1. You provide residential supports to a young man who drools due to a severe cleft palate. To assist him with maintaining a positive personal appearance, you take him to purchase several sets of men’s handkerchiefs and teach him how to wipe his chin, if needed, with a simple verbal prompt.
2. You help a person find a dentist who accepts Medicaid or offers reduced rates for low income patients.
3. One of the individuals in your day support program is having toileting accidents. You alert the case manager and residential staff that the team needs to try to identify the cause, such as medical problems, behavioral communication, depression, etc., and come up with a solution in the meantime, such as extra change of clothing maintained at the day program or possible short-term use of Depends.
Regular Medical and Dental Care
Scheduling regular doctor and dental checkups is usually the responsibility of residential staff or family if a person lives at home. However, all staff who work with individuals with disabilities should look for changes in appearance or behavior which may be symptoms of illness. It has been shown that challenging behaviors are frequently the only means of communicating physical or mental pain for some individuals with mental retardation. Since some persons with mental retardation are unable to tell you how they feel or what a change in health may mean, staff must be responsible for monitoring this regularly. The following lists areas where changes may indicate signs of illness or a change in health status:
A. Changes in Daily Patterns
1. Eating/ digestion
4. Medication – changes and reactions
B. Changes in Appearances
1. Weight gain or loss
2. Condition of skin or hair
3. Eyes: appearance or sensitivity
5. Hygiene deterioration (such as body odor, untidy clothing, bad breath)
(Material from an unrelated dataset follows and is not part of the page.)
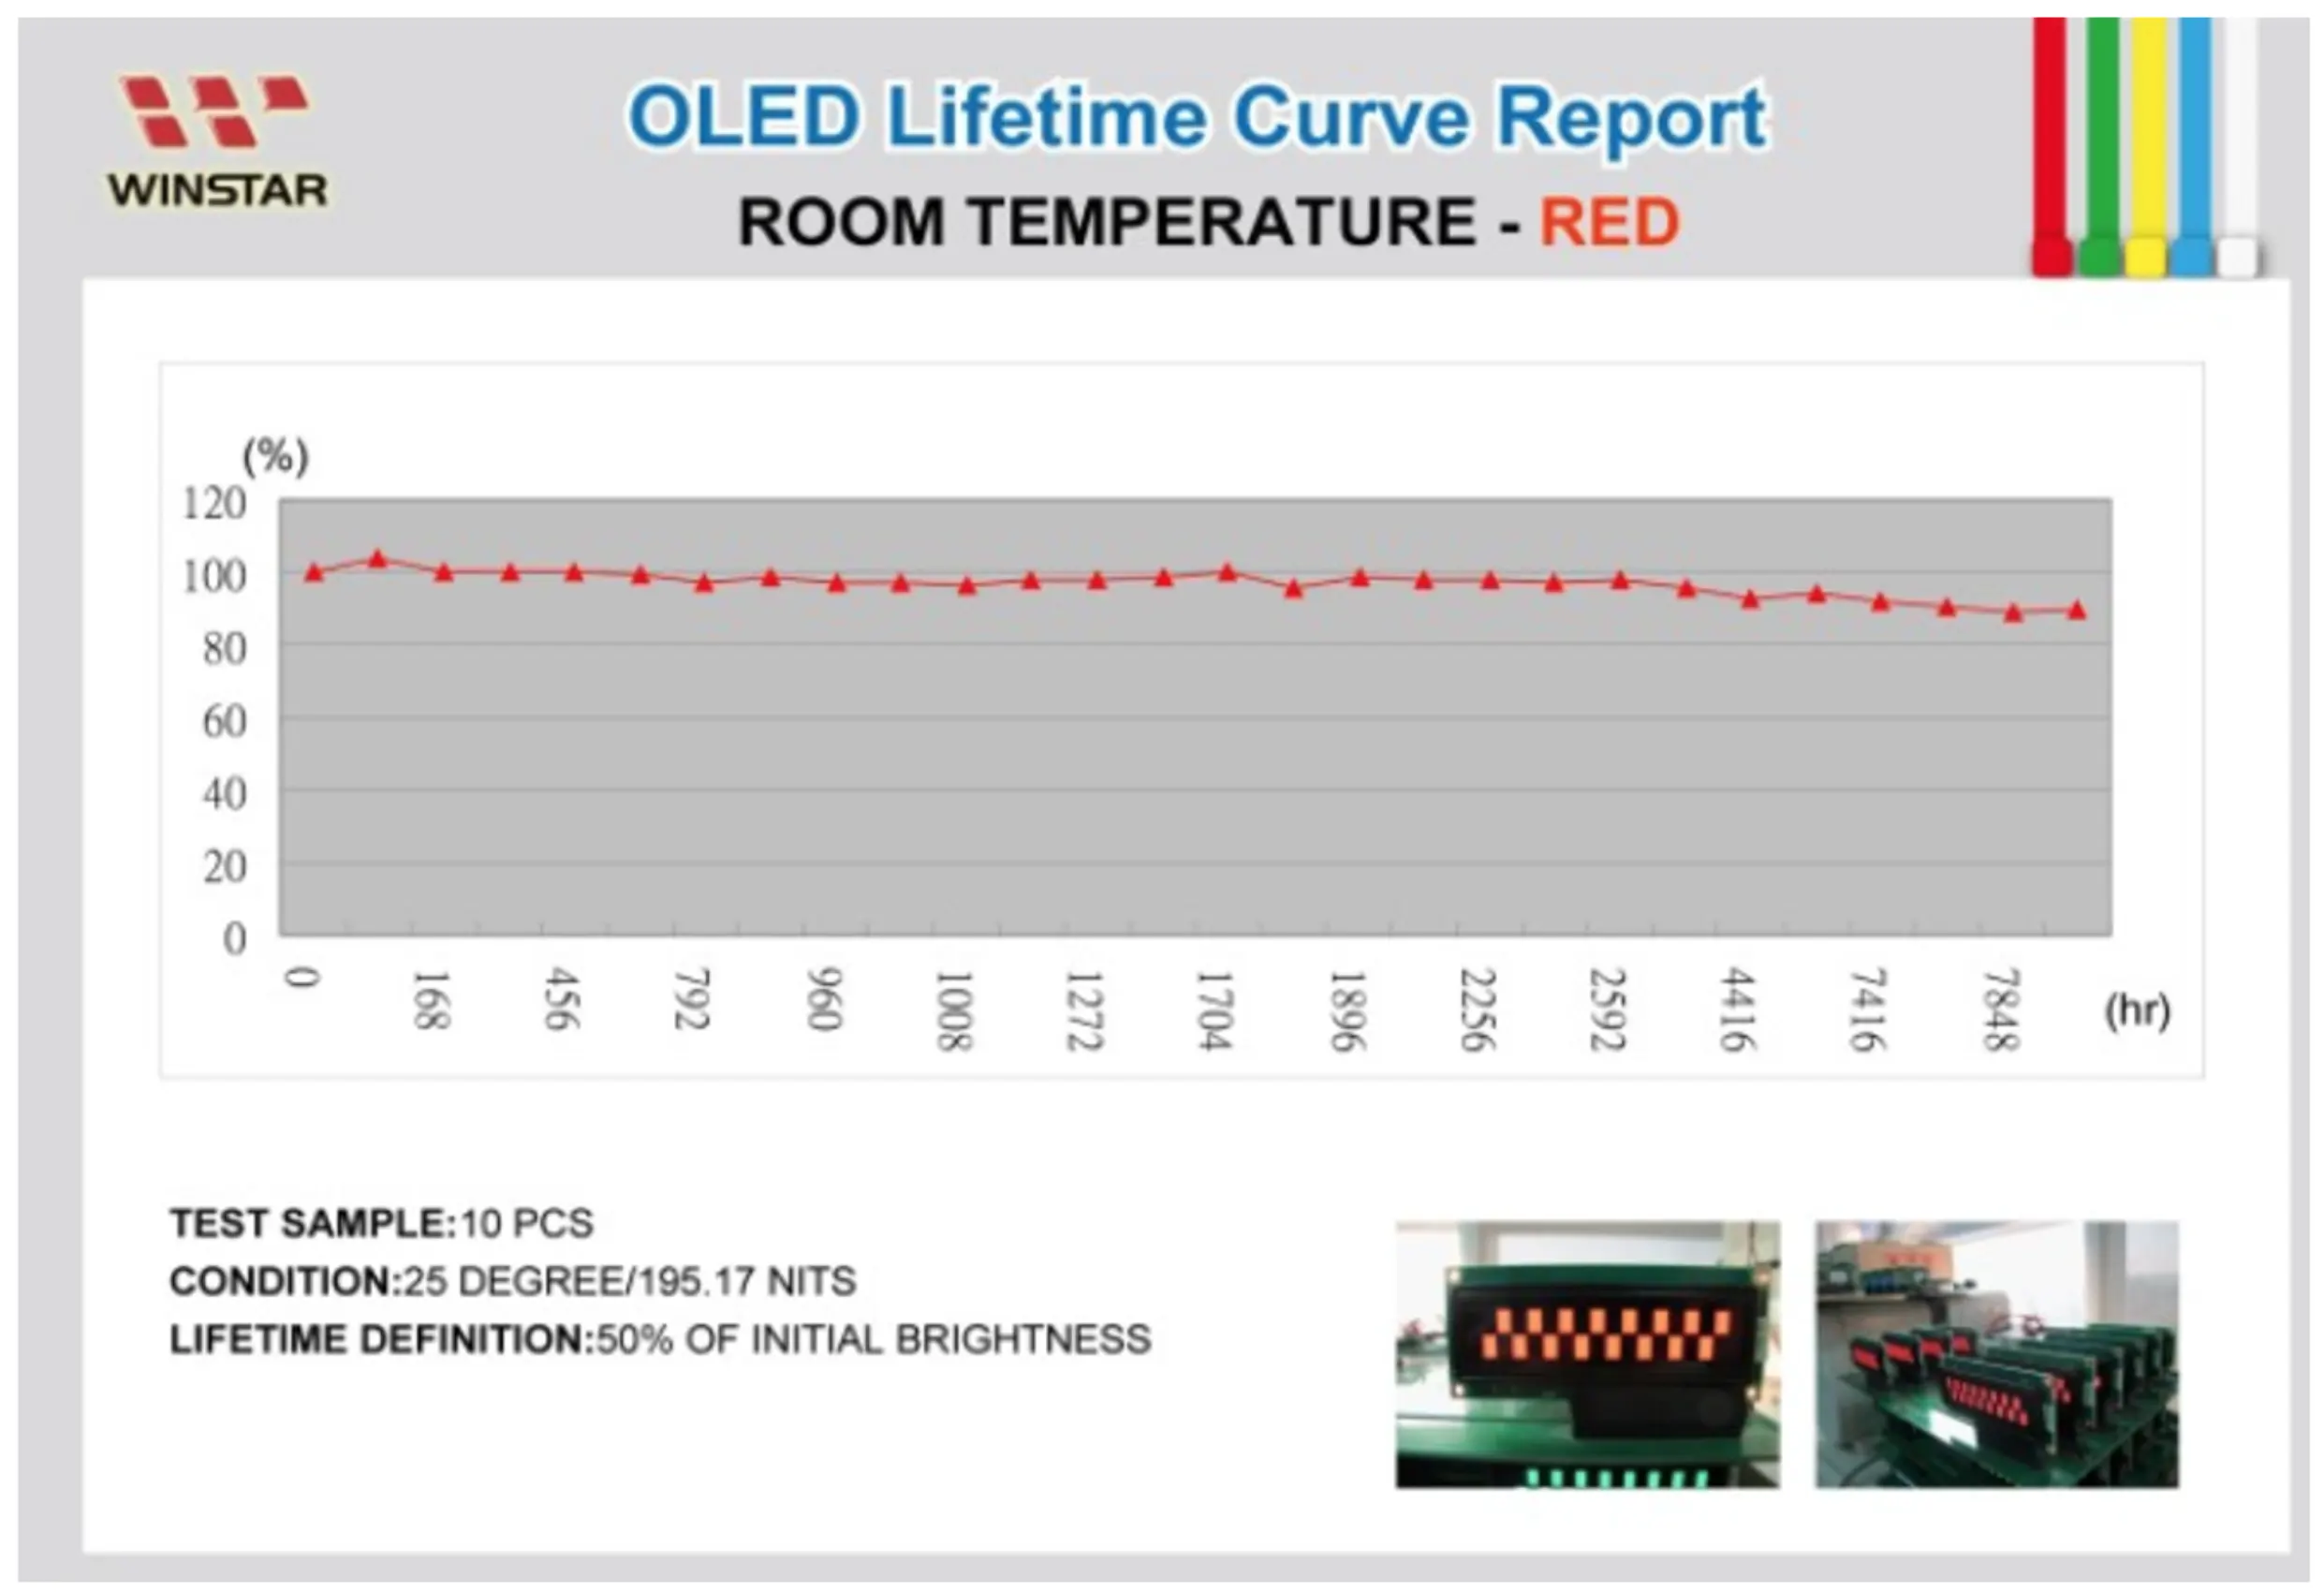 What is the lifetime of OLED displays

C. Changes in Bodily Functions
3. Vital signs (such as pulse and blood pressure)
4. Bowel movements
5. Mobility – use of hands, arms, and legs
6. Senses – seeing, hearing, touch, taste, smell
D. Changes in Behavior/Demeanor
1. Obvious change in mood (such as depression, crying, agitated)
4. Anxious, restless
5. Obvious change for that individual (previously energetic person appears listless or a typically quiet individual talks nonstop).
What Can You Do?
If you notice any of the changes listed above, you should:
1. Note it in the staff communication log so others can be aware and observant.
Documenting incidents of these changes may be key to diagnosing a problem if one exists.
2. If you’re new to a program and note changes in an individual, speak to your supervisor or a co-worker to get a perspective on the person’s history.
3. When in doubt, and if symptoms persist, call a doctor!
You will most likely receive or have received training in First Aid and Cardiopulmonary Resuscitation (CPR) prior to supporting individuals alone. This will enable you to react appropriately and possibly to save someone’s life while medical care is on the way. It goes without saying that any condition which would be considered an emergency if it happened to a member of your family is also an emergency if it occurs to a person with mental retardation. Call 911 at the first sign of a medical emergency!
Important Point: Since many individuals with mental retardation have other medical concerns, such as epilepsy, diabetes, food or drug allergies, it is very important that staff become aware of any individual signs or symptoms of medical distress. People who have epileptic seizures often signal an oncoming seizure through an involuntary facial expression or other behavior. Get to know the people you support. It may mean the difference between life and death.